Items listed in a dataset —

-=-=-

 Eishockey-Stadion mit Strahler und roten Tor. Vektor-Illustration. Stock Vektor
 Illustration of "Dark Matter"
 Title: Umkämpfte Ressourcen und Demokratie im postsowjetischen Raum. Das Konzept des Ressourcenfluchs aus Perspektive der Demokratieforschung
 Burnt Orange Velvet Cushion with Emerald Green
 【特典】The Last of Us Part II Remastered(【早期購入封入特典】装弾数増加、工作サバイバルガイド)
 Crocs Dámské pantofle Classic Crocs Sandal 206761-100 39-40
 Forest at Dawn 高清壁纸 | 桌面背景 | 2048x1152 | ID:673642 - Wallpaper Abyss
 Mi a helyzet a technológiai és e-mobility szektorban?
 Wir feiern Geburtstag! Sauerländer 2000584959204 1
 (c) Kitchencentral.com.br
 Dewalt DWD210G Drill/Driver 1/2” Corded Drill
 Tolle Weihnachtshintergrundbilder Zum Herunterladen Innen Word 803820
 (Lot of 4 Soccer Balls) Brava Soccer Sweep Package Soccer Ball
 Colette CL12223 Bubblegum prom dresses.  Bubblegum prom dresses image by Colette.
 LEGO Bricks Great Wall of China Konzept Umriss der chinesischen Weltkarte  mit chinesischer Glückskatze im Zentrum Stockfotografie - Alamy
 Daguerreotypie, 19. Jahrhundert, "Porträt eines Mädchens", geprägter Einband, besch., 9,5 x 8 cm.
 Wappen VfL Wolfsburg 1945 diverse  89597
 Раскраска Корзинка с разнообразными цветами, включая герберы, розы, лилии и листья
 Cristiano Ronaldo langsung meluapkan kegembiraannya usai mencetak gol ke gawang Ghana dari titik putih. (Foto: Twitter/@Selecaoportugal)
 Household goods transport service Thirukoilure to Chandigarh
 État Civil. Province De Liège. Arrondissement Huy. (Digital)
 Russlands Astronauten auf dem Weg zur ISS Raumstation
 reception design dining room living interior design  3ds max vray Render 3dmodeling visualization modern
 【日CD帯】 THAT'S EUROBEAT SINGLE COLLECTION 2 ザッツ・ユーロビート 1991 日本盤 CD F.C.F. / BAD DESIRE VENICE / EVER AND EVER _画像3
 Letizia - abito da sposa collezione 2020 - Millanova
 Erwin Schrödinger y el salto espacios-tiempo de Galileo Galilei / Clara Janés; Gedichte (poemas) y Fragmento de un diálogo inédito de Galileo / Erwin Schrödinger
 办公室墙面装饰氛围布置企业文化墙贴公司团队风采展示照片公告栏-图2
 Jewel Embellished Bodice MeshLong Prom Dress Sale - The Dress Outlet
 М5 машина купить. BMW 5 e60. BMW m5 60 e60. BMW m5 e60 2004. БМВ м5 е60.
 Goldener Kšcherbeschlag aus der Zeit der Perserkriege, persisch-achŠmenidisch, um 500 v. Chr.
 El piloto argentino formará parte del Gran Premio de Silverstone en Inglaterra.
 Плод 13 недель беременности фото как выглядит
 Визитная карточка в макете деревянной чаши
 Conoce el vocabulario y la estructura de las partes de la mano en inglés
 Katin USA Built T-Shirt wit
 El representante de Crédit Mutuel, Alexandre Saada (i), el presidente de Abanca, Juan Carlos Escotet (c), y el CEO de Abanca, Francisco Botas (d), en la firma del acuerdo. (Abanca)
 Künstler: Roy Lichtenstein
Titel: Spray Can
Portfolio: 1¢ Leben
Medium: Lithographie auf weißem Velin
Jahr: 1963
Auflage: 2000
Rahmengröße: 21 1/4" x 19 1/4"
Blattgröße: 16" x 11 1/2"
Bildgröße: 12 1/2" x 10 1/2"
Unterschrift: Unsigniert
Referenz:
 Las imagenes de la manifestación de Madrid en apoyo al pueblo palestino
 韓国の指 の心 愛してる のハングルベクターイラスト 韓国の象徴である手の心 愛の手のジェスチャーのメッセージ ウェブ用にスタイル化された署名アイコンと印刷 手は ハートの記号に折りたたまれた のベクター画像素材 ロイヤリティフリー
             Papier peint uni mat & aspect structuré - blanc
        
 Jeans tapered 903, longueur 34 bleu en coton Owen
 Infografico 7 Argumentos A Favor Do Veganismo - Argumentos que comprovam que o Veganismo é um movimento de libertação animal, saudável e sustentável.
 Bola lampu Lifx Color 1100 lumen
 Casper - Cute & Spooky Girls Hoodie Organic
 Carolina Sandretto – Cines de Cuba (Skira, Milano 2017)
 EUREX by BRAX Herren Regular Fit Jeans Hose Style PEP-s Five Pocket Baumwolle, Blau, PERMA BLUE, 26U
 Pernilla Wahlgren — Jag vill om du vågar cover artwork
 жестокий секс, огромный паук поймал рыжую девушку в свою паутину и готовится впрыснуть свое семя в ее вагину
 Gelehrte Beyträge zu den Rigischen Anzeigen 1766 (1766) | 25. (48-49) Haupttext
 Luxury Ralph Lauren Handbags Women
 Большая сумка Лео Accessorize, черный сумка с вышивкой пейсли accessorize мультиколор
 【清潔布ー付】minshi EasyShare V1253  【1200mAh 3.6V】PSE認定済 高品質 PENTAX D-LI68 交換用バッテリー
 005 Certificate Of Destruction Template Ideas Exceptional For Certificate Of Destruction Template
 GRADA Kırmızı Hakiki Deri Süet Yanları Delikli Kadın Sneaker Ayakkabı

-=-=-

Problem details — Please find every line in the records above that holds the word "Jeans" and copy it.

Expected output —
 Jeans tapered 903, longueur 34 bleu en coton Owen
 EUREX by BRAX Herren Regular Fit Jeans Hose Style PEP-s Five Pocket Baumwolle, Blau, PERMA BLUE, 26U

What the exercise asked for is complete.